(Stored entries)
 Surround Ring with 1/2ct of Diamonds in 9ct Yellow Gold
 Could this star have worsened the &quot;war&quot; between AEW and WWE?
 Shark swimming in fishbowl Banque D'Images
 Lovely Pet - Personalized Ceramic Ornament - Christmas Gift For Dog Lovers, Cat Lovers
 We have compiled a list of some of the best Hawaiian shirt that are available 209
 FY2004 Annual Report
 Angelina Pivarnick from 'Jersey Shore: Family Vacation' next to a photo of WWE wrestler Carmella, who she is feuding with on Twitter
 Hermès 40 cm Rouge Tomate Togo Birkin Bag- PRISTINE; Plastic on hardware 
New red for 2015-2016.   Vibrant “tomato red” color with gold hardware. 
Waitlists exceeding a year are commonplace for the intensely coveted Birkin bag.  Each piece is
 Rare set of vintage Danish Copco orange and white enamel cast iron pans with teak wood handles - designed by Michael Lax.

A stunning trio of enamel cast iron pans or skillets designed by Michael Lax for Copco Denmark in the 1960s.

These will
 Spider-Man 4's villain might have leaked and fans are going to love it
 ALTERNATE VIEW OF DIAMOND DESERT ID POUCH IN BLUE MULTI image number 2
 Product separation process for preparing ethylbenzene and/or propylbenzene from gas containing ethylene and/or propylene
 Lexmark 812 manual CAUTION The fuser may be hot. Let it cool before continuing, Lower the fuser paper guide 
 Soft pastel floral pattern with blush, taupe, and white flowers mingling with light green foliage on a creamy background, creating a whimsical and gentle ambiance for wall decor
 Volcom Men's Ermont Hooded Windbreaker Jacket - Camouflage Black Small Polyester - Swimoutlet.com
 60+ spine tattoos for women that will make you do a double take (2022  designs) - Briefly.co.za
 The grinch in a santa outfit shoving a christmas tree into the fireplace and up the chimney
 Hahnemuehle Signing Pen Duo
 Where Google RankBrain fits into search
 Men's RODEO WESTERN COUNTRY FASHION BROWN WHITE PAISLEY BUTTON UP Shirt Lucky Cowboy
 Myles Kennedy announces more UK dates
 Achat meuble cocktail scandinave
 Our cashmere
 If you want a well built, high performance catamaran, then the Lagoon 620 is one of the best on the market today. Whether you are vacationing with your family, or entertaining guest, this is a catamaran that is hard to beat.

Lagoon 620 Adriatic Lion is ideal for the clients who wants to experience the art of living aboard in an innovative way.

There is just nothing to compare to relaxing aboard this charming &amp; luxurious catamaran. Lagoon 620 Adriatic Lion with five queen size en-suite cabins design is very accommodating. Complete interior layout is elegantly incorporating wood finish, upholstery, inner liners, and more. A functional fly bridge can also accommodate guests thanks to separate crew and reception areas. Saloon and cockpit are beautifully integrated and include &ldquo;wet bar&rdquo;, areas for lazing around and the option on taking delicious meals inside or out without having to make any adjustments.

**EXERCISE**
Your answer must be the lines above from the one containing "Where Google RankBrain fits into search" to the one containing "Lagoon 620 Adriatic Lion is", both included, restated word for word.

**EXERCISE SOLUTION**
 Where Google RankBrain fits into search
 Men's RODEO WESTERN COUNTRY FASHION BROWN WHITE PAISLEY BUTTON UP Shirt Lucky Cowboy
 Myles Kennedy announces more UK dates
 Achat meuble cocktail scandinave
 Our cashmere
 If you want a well built, high performance catamaran, then the Lagoon 620 is one of the best on the market today. Whether you are vacationing with your family, or entertaining guest, this is a catamaran that is hard to beat.

Lagoon 620 Adriatic Lion is ideal for the clients who wants to experience the art of living aboard in an innovative way.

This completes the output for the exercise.